* [WORK ITEM] Your answer must match, word for word, the lines from the one holding "filters sunlight protects" through the final line below, with pictures excluded.
== DATA ==
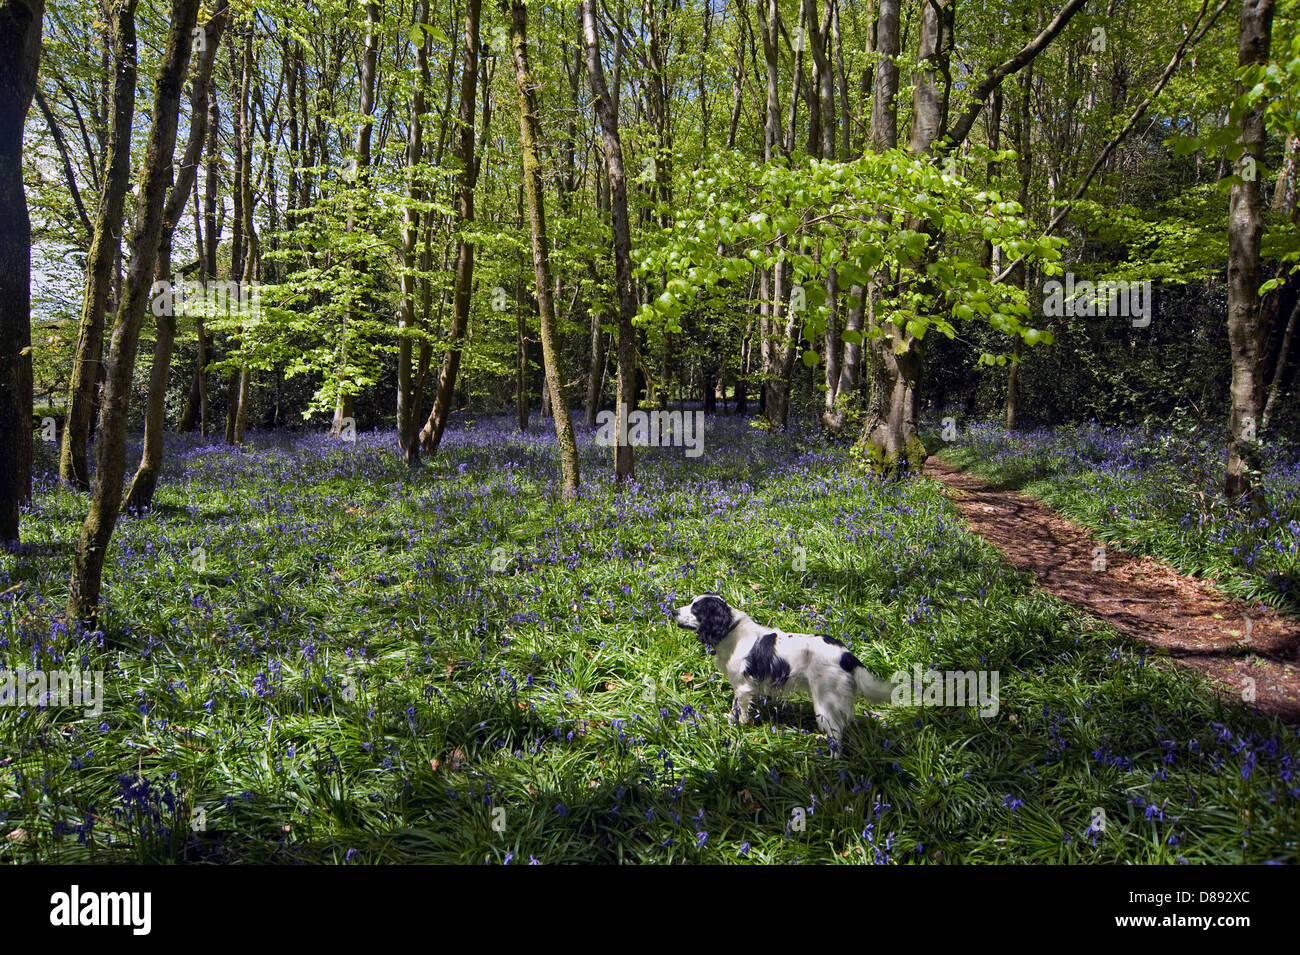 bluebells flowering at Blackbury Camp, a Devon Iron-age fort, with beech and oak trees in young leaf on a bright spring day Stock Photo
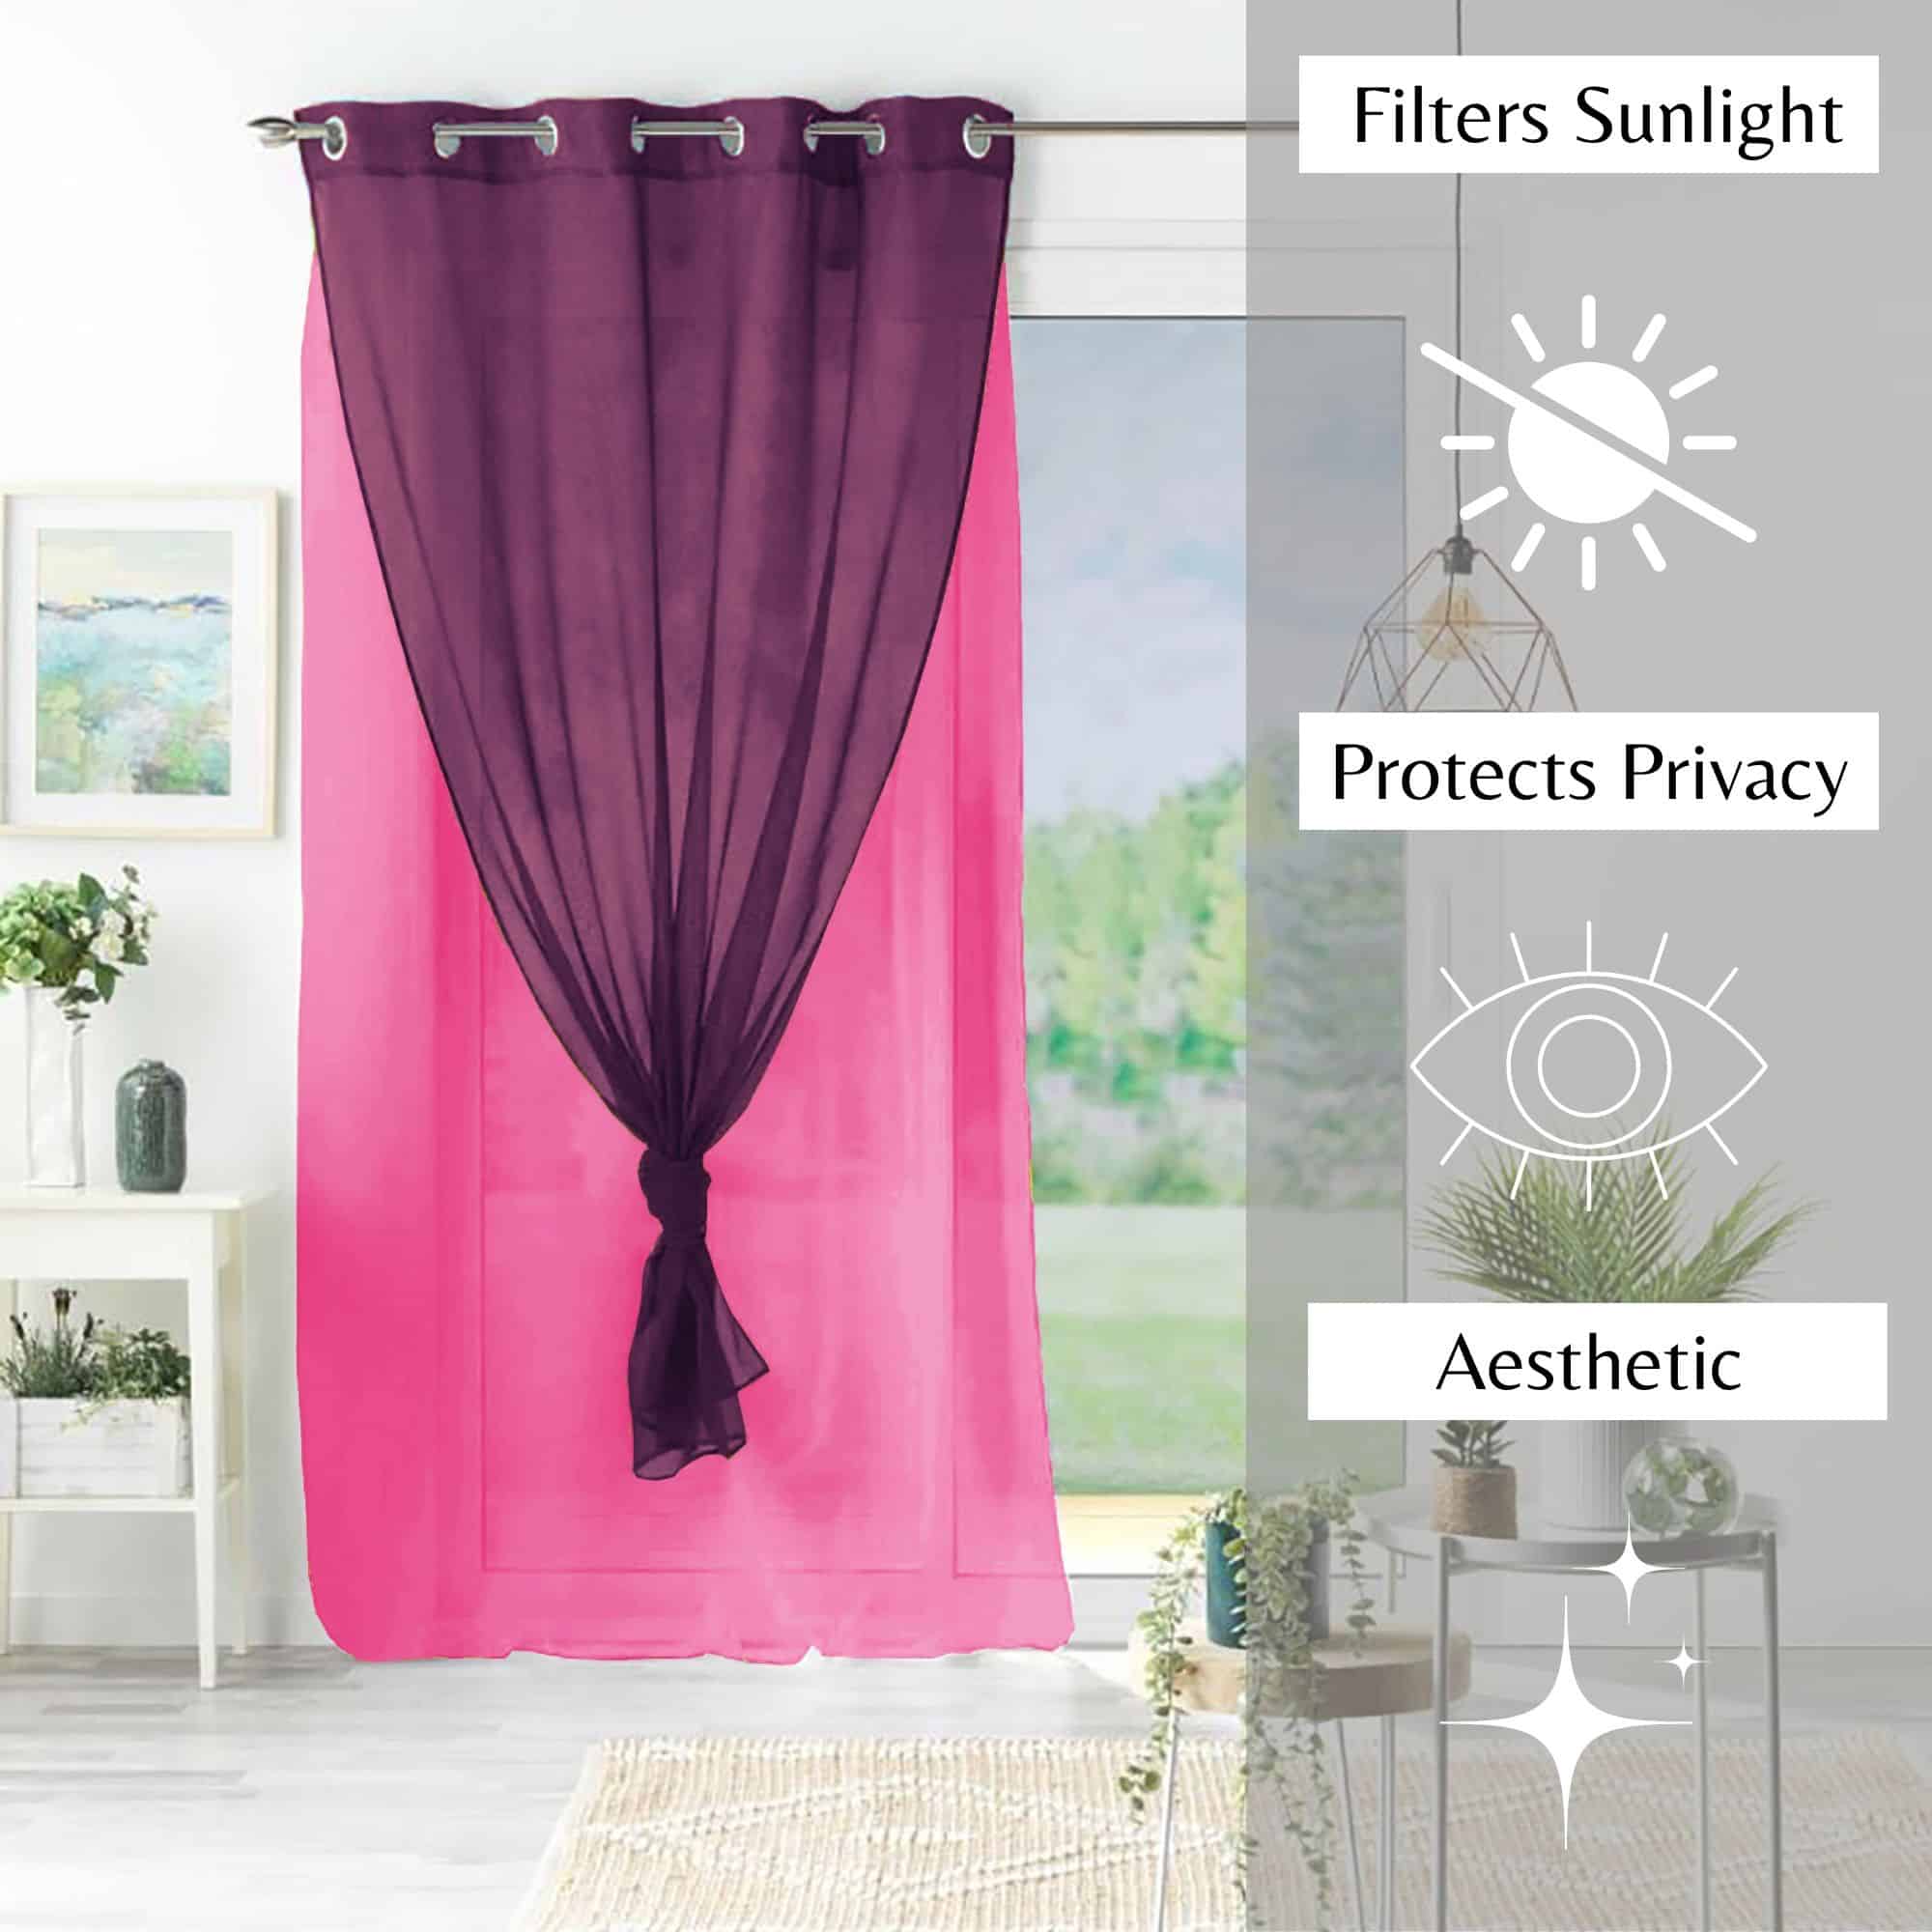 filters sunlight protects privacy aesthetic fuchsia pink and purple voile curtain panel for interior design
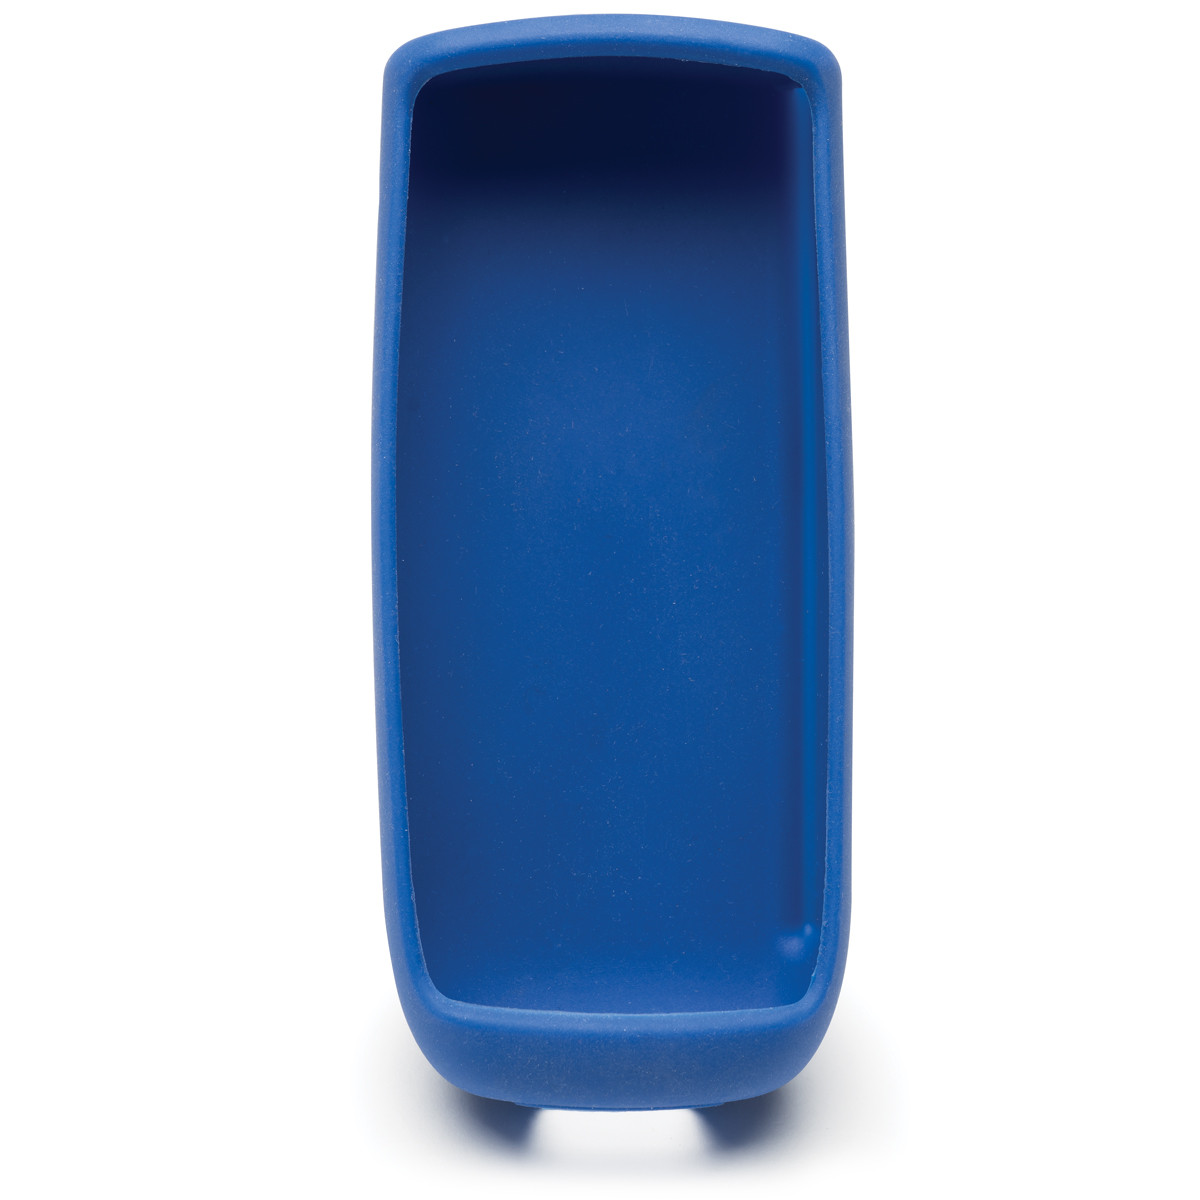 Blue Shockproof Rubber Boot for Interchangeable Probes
===
* [RESPONSE AREA]
 filters sunlight protects privacy aesthetic fuchsia pink and purple voile curtain panel for interior design
 Blue Shockproof Rubber Boot for Interchangeable Probes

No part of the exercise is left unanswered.